What the exercise asks: Would you please transcribe the data in full and exactly, excluding images?

Supplied data:

>>>>>

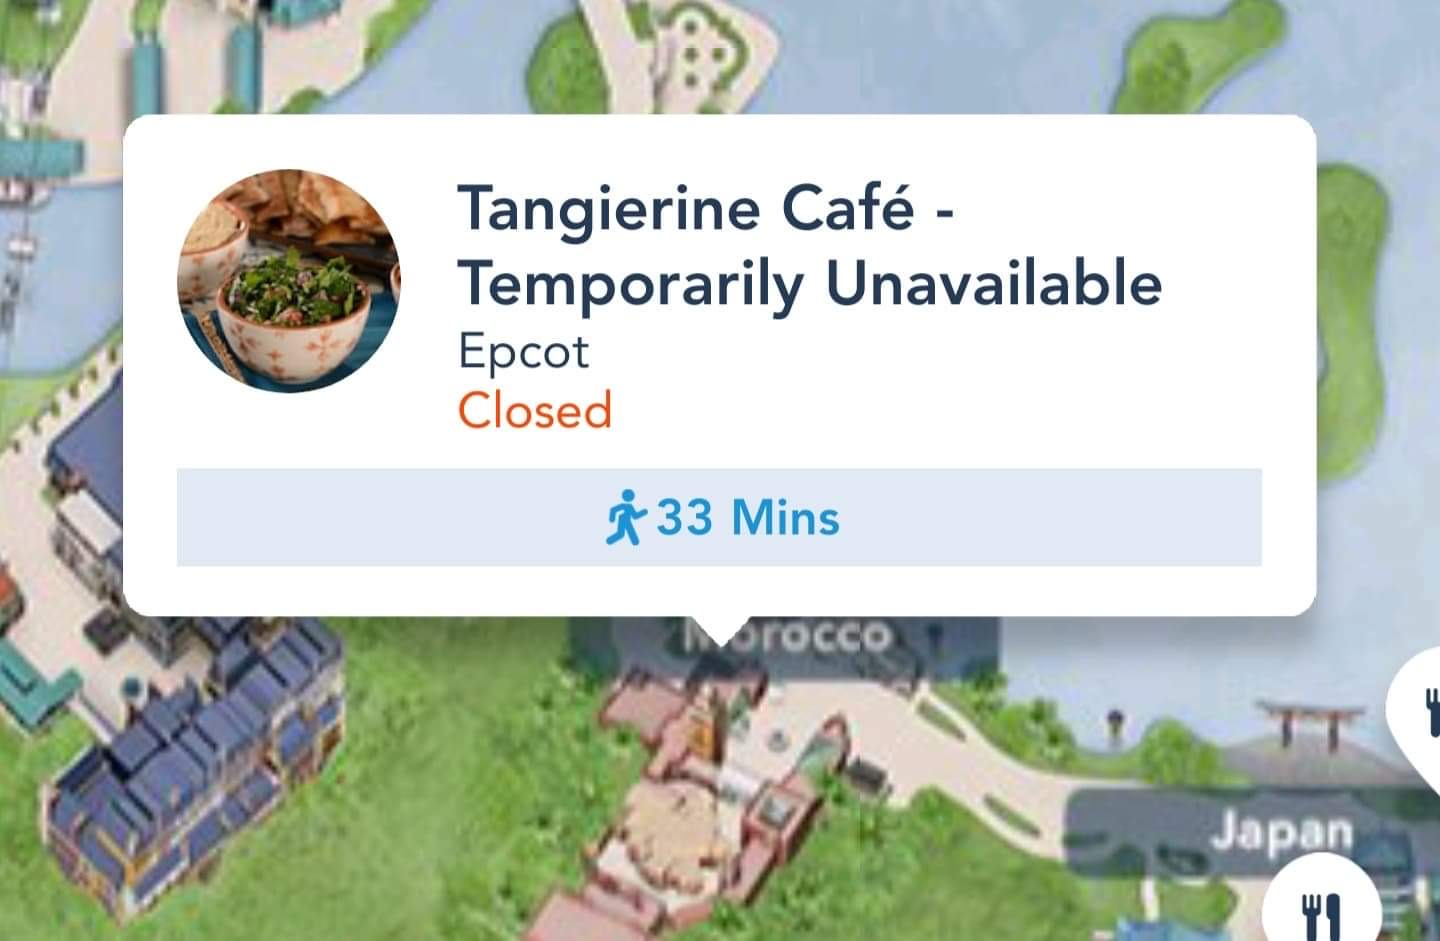 Tangerine Cafe in Epcot Temporarily Closed
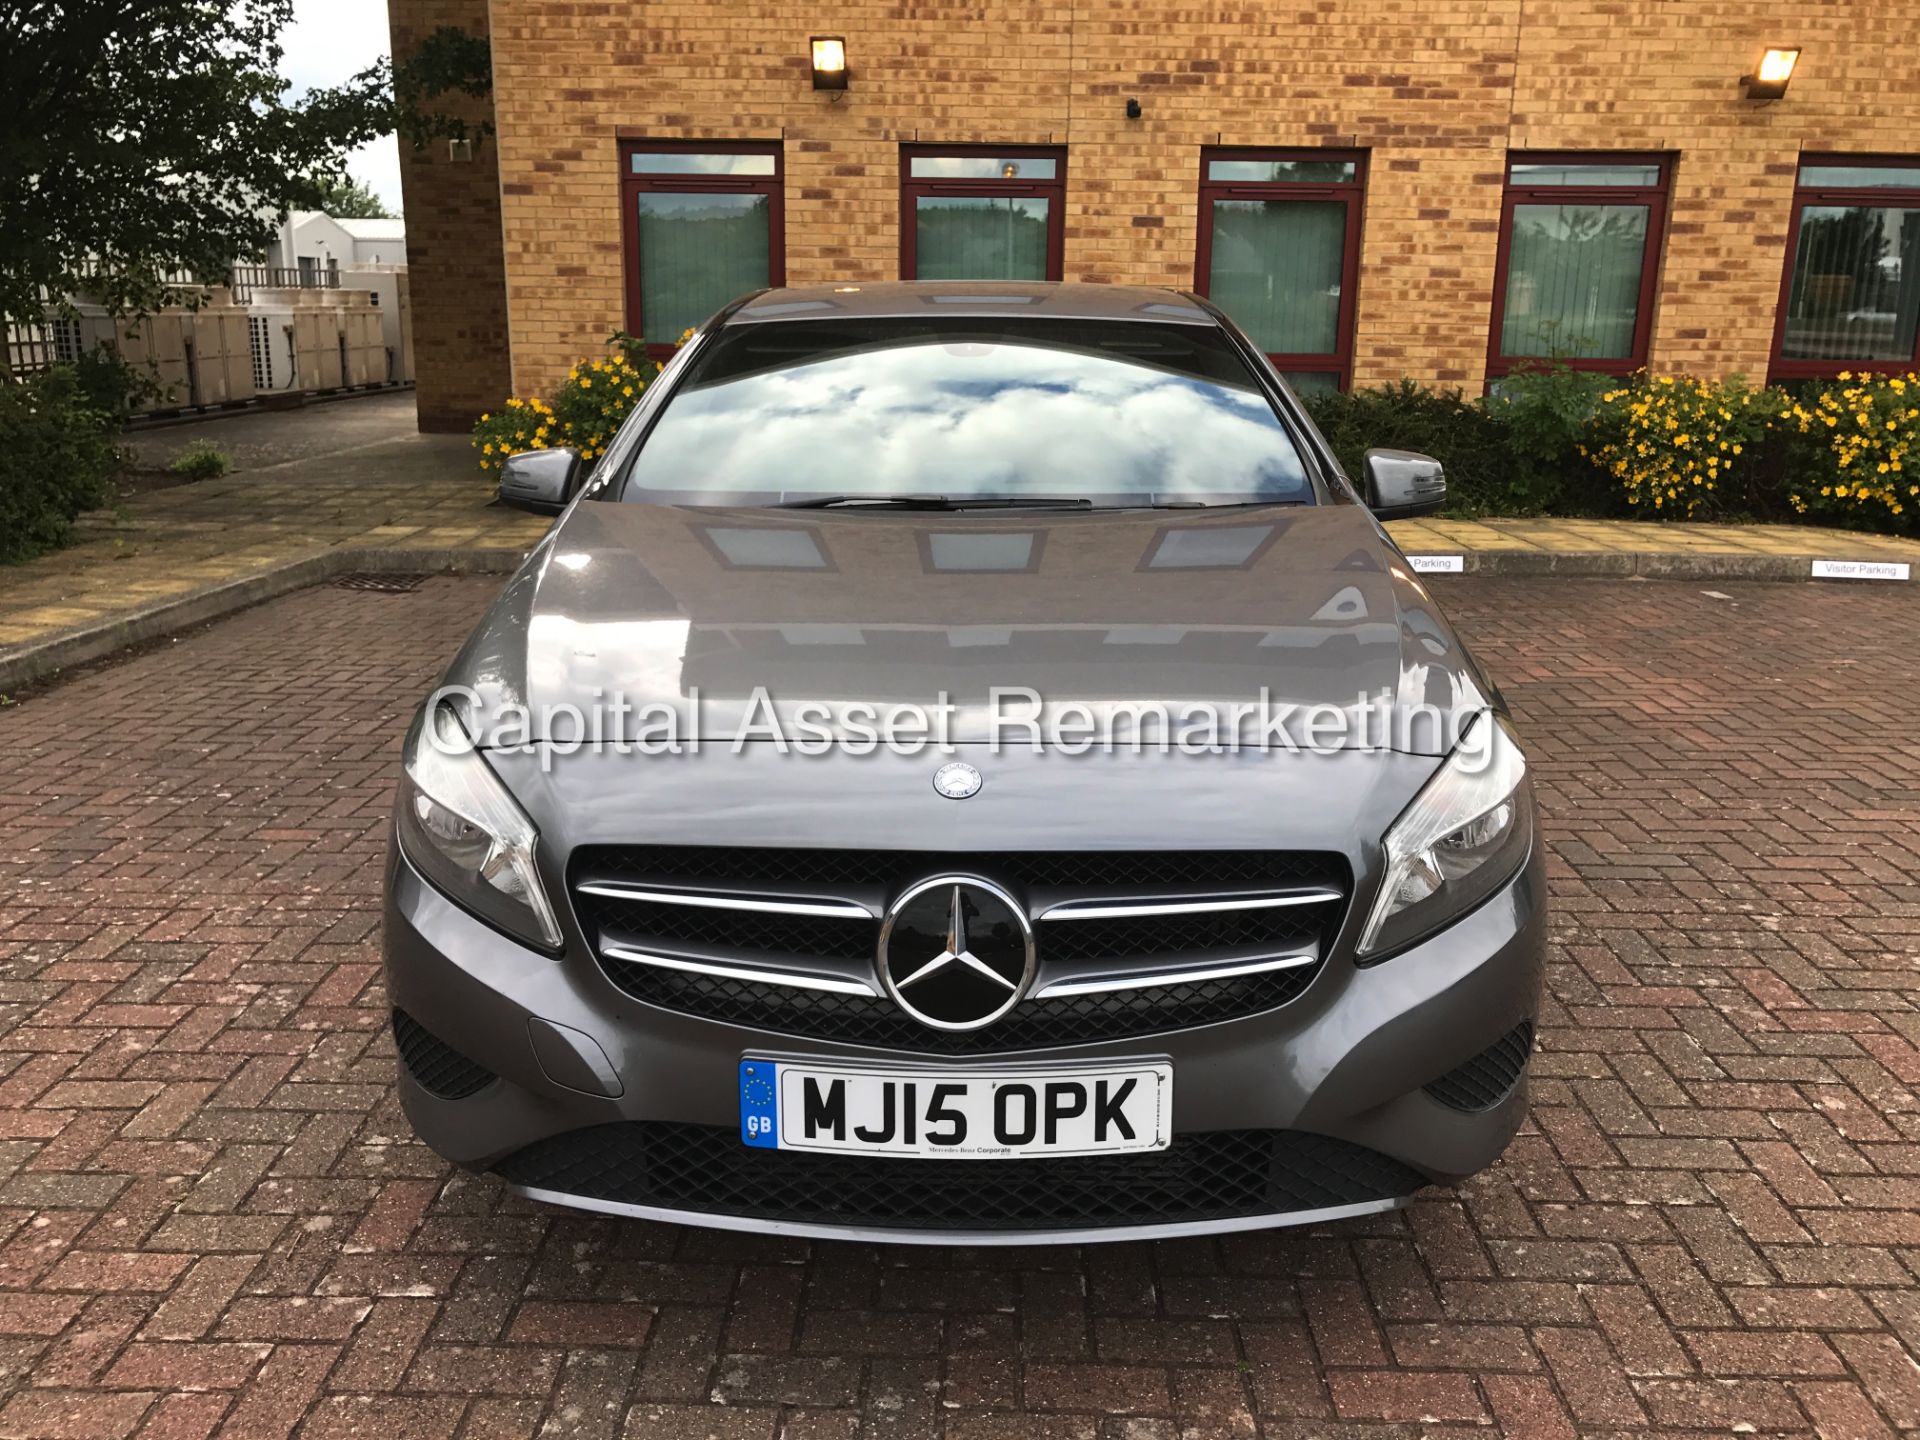 (ON SALE) MERCEDES A180d 7G TRONIC "15 REG" SAT NAV - 1 OWNER - PADDEL SHIFT - CRUISE - AIR CON - Image 2 of 22
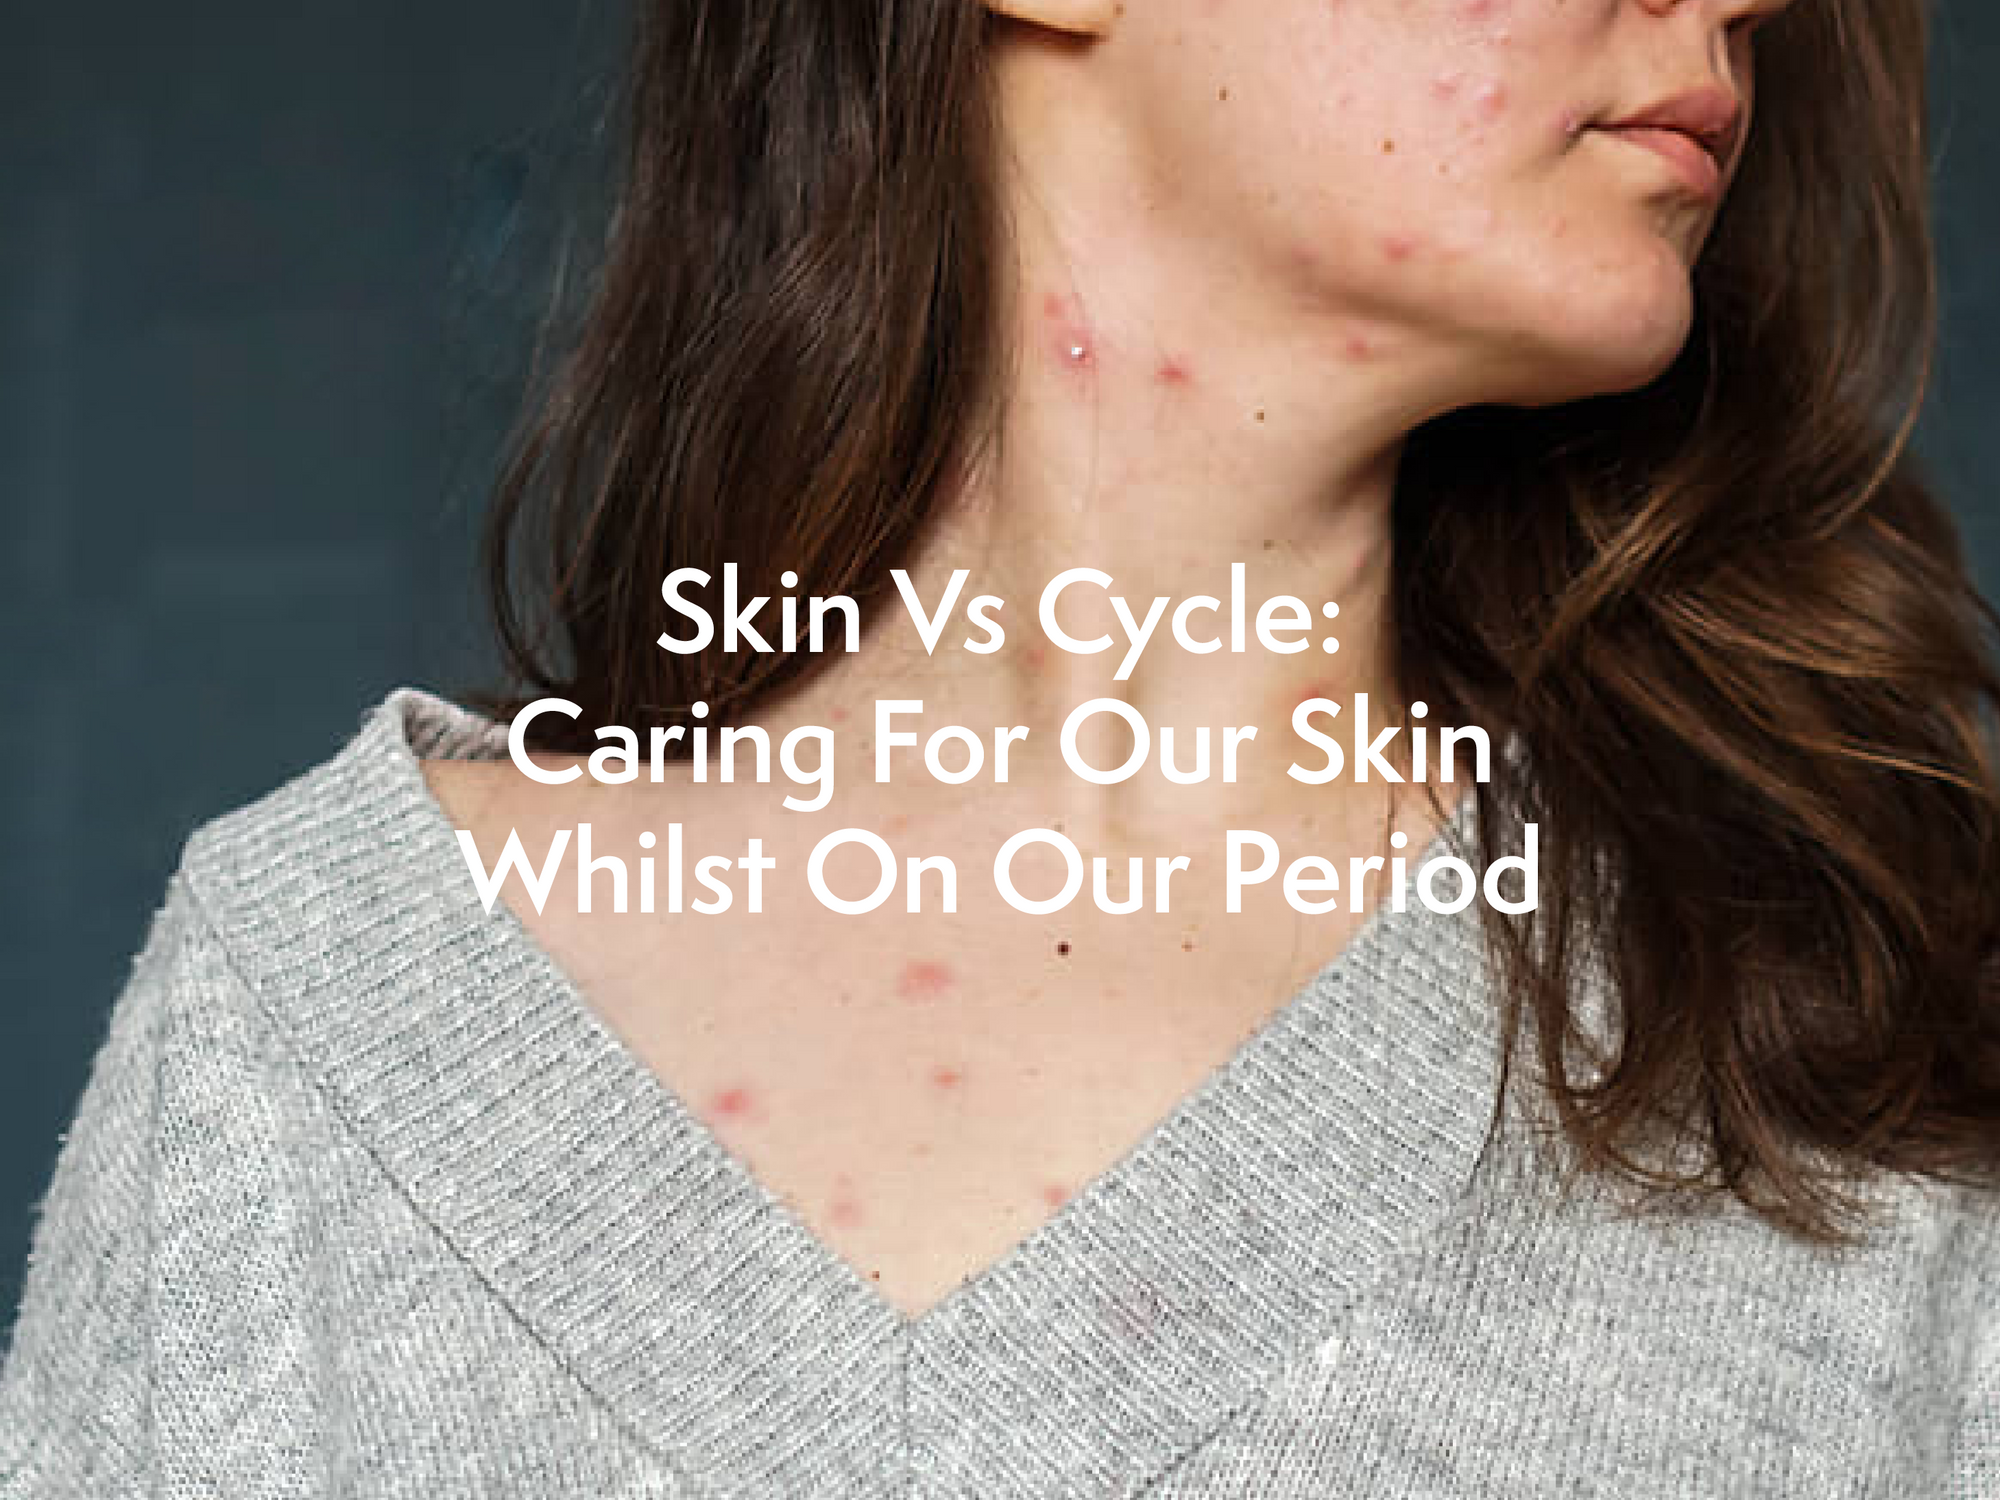 Skin Vs Cycle: How We Should Be Caring For Our Skin Whilst On Our Period

<<<<<

Reply to the exercise:
 Tangerine Cafe in Epcot Temporarily Closed
 (ON SALE) MERCEDES A180d 7G TRONIC "15 REG" SAT NAV - 1 OWNER - PADDEL SHIFT - CRUISE - AIR CON - Image 2 of 22
 Skin Vs Cycle: How We Should Be Caring For Our Skin Whilst On Our Period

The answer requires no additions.